Lorenz Estermann


Simon Baur und H.P.Wipplinger, 2008 Katalogtexte >instant city< (française )





















Simon Baur: 
(traduction française Florence Hetzel)

Espaces vides entre les mots
Lorenz Estermann et sa conception de la maquette et du modèle


Elles refont régulièrement surface, ces trois représentations de la Città ideale, ce vaste projet certes a priori réalisable en peinture, qui ne fut cependant jamais construit, idéal et réalité n'étant pas compatibles en tant que tels.
Le mythe de ces représentations repose également sur le fait que jusqu'à nos jours, leurs auteurs n'ont toujours pas été formellement identifiés. Parmi les experts circulent les noms de Piero della Francesca, de Luciano Laurana et de Francesco di Giorgio Martini. Il est tout aussi difficile d'établir avec certitude les motifs de leurs commanditaires.

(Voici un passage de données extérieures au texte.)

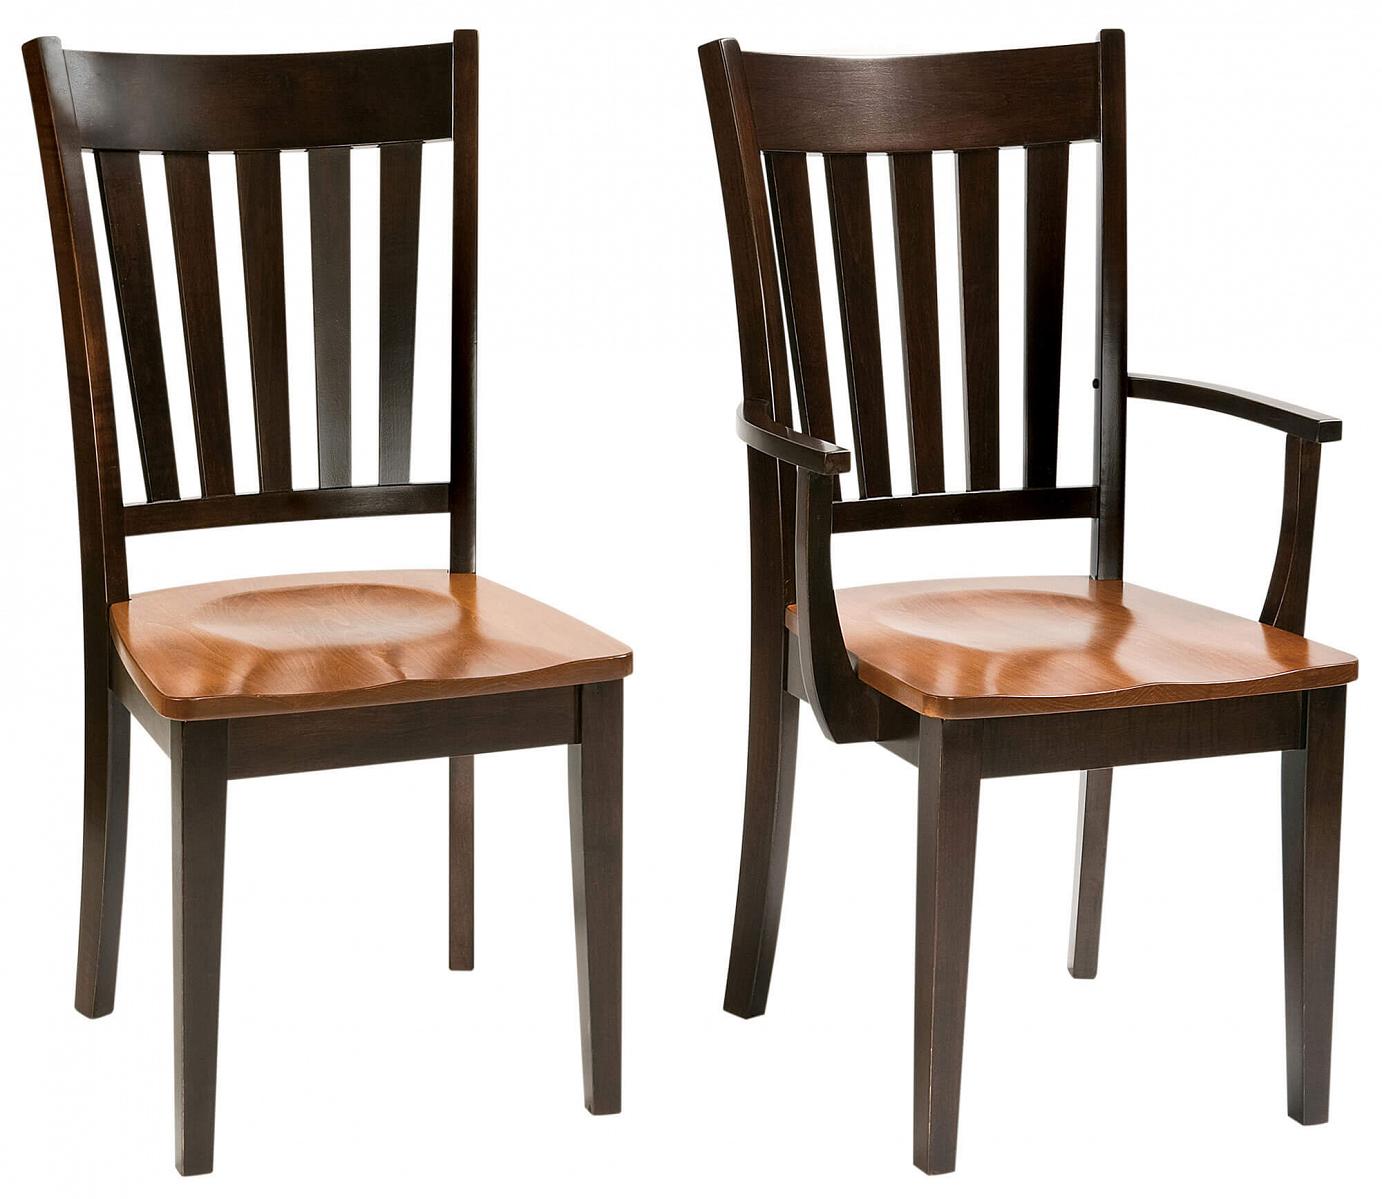 RH Yoder Marbury Chairs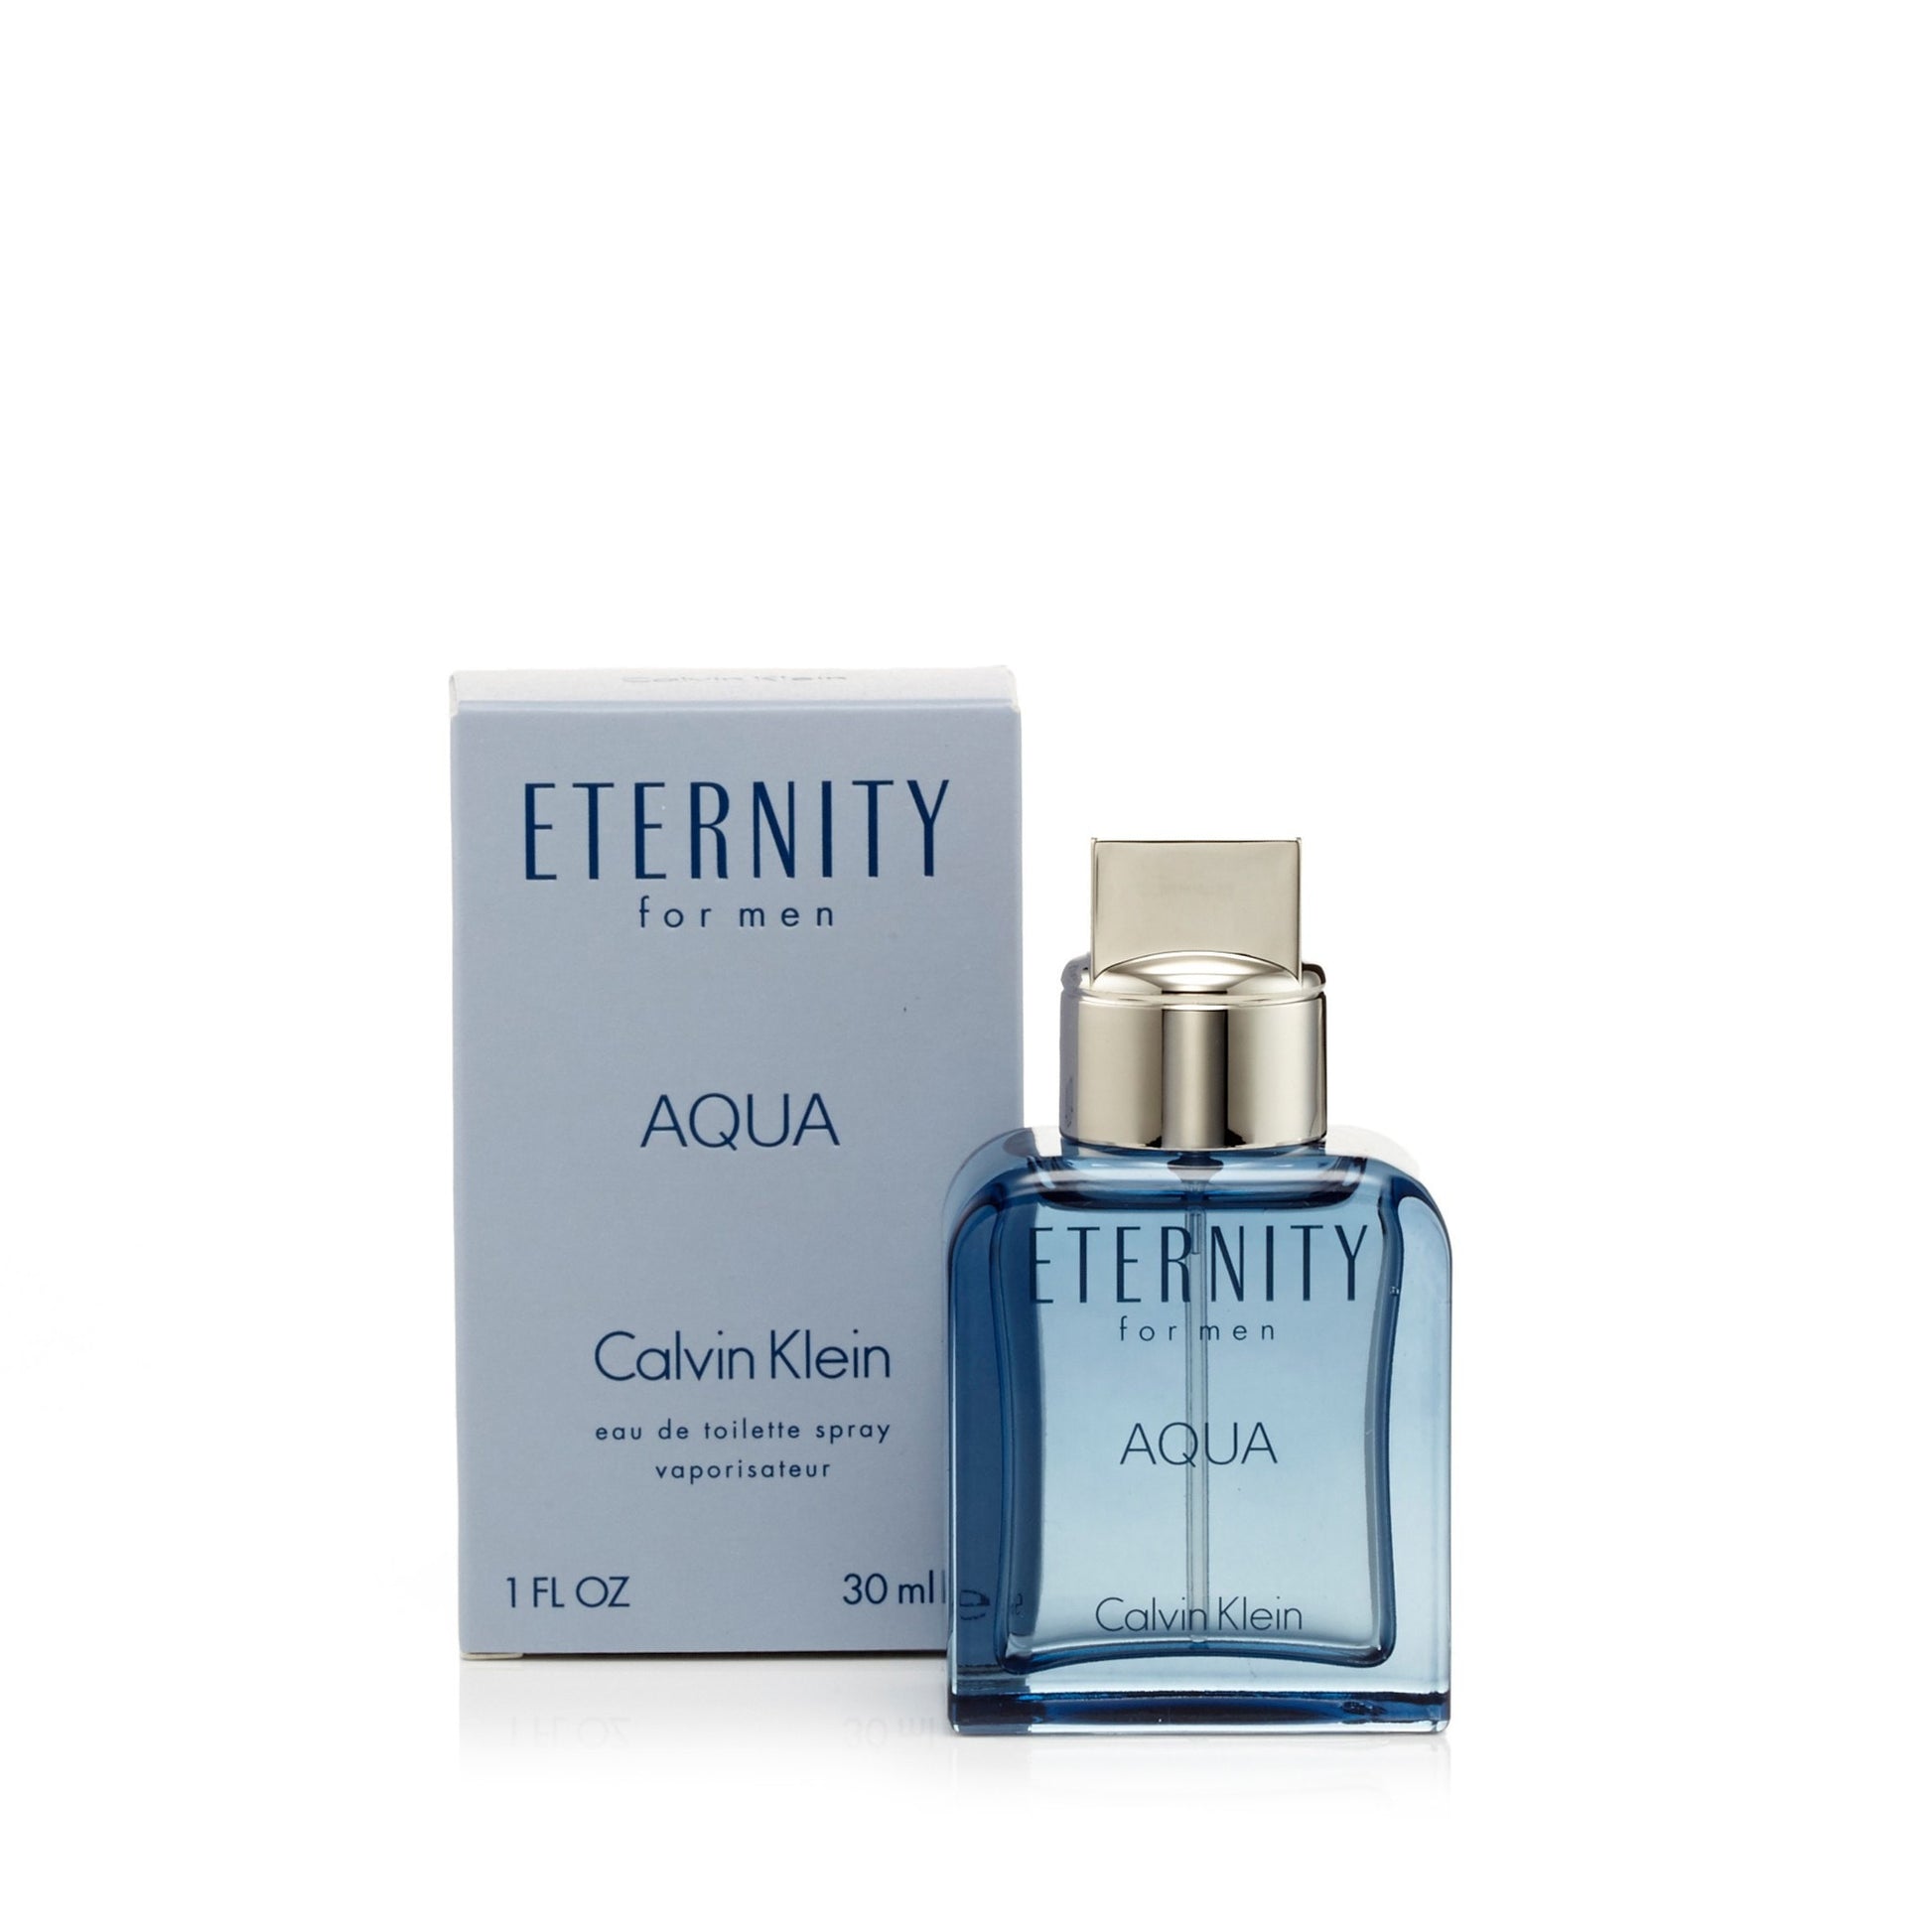 Eternity Aqua Eau de Toilette Spray for Men by Calvin Klein 1.0 oz. Click to open in modal

Ces tableaux « d'auteurs anonymes » sont des constructions, partiellement concrétisées dans plusieurs villes d'Italie, qui correspondent à la représentation idéale que s'en faisaient les peintres, les architectes, les paysagistes et également les princes de la Renaissance.
Sur le premier tableau, on découvre un arc de triomphe, derrière lequel on aperçoit une tour dans la nature, d'un côté un amphithéâtre et de l'autre un baptistère ; au premier plan, une grande place avec des colonnes et un jeu d'eau.
Le deuxième tableau montre un baptistère dans l'axe central, à gauche et à droite, des habitations et des fontaines, une basilique à l'arrière-plan.
Le troisième tableau présente une allée qui s'ouvre sur une place avec des bâtiments, et à l'horizon, un port avec des bateaux.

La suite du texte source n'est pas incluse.